Black Sabbath’s early albums finally selling on iTunes with limited exclusivity

Black Sabbath (iTunes teaser 001)

iTunes has scored another interesting win as the English rock band Black Sabbath and its publisher have finally relented and agreed to make the band’s 1970s albums available on iTunes.

Although Black Sabbath’s later material was available on Apple’s online content store, this is the first time their 1970s work came to iTunes, including Paranoid and Masters of Reality albums.

Apple was also able to secure limited exclusivity as iTunes will get to sell the band’s first eight studio albums, along with three compilations, during a short window of time before the albums hit other streaming services…

The New York Times postulates that a dispute between Black Sabbath and its publisher, Warner Music, may have caused such a long delay in bringing their first eight studio albums to iTunes.

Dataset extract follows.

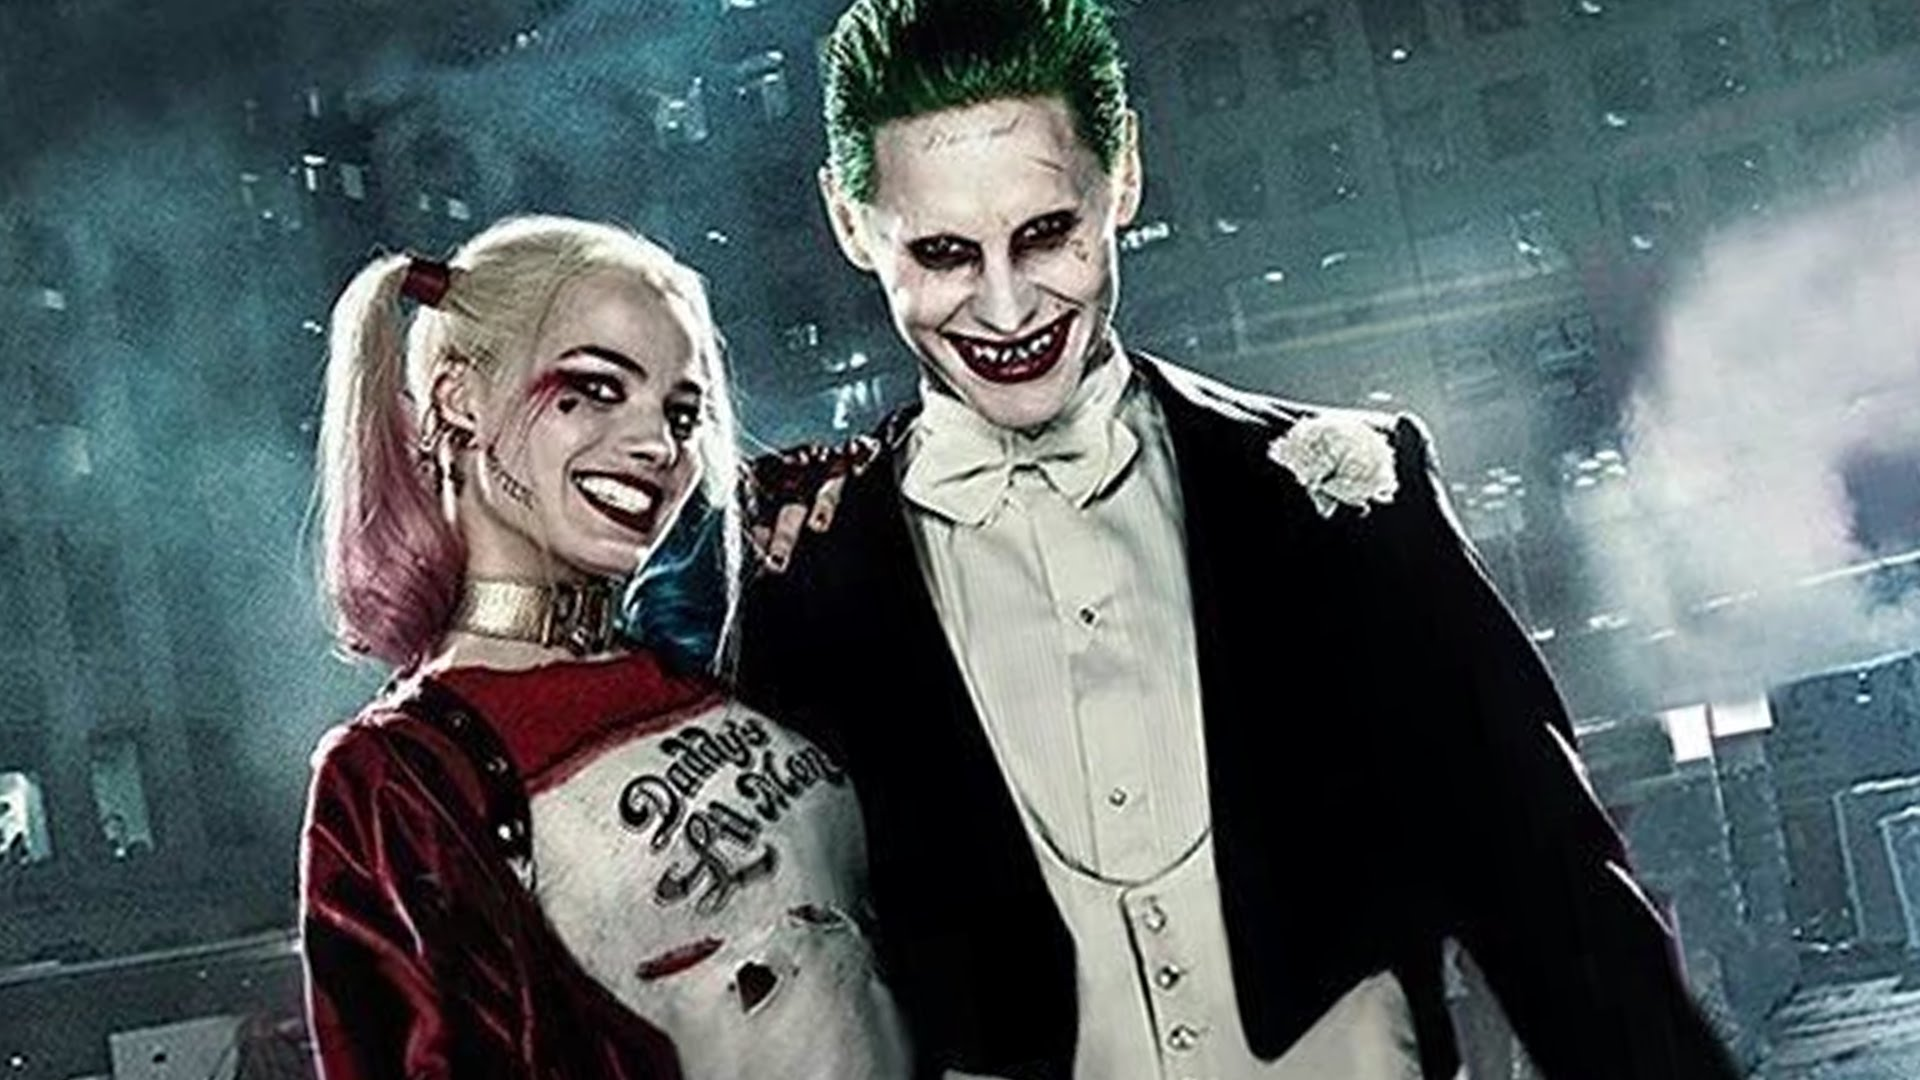 Joker Harley Quinn Wallpaper - Joker And Harley Quinn Suicide Squad Wallpaper Hd , HD Wallpaper & Backgrounds

It had “been a long time trying to explain to fans why the music wasn’t available,” said Black Sabbath’s guitarist Tony Iommi. The article also states that  Black Sabbath’s music should come to competing streaming services in about a week.

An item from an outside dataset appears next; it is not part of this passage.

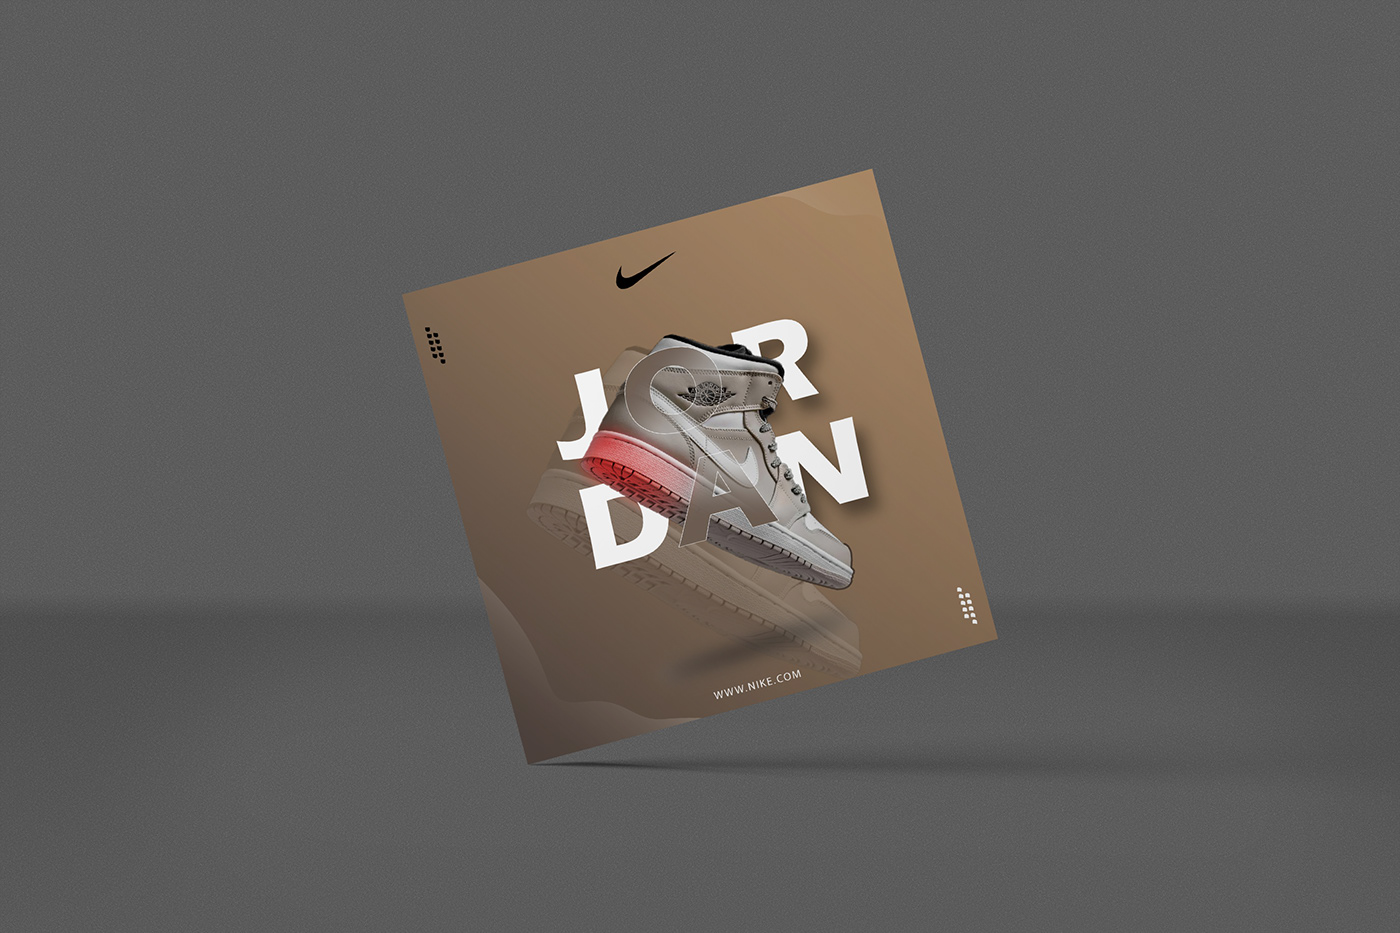 ILLUSTRATION  photoshop shoes jordan Mockup Brand Design Graphic Designer Social media post ads poster

Use this direct link to access the newly added albums through iTunes.

Apple often plays the iTunes exclusivity card to its advantage.

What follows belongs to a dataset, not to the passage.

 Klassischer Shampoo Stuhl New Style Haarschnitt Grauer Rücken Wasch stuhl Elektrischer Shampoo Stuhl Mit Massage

After Beyoncé’s fifth self-named album launched as an iTunes-exclusive a month ago, Target was so enraged that it actually refused to sell the album out of fear that digital rush would harm physical sales.

Although the successful collaboration between Beyoncé and Apple – she sold 828,773 downloads on iTunes during the first three days – gave hope to the proponents of digital music downloads, a Nielsen SoundScan survey has revealed that digital music sales declined in 2013, for the first time since the iTunes Store’s inception a decade ago.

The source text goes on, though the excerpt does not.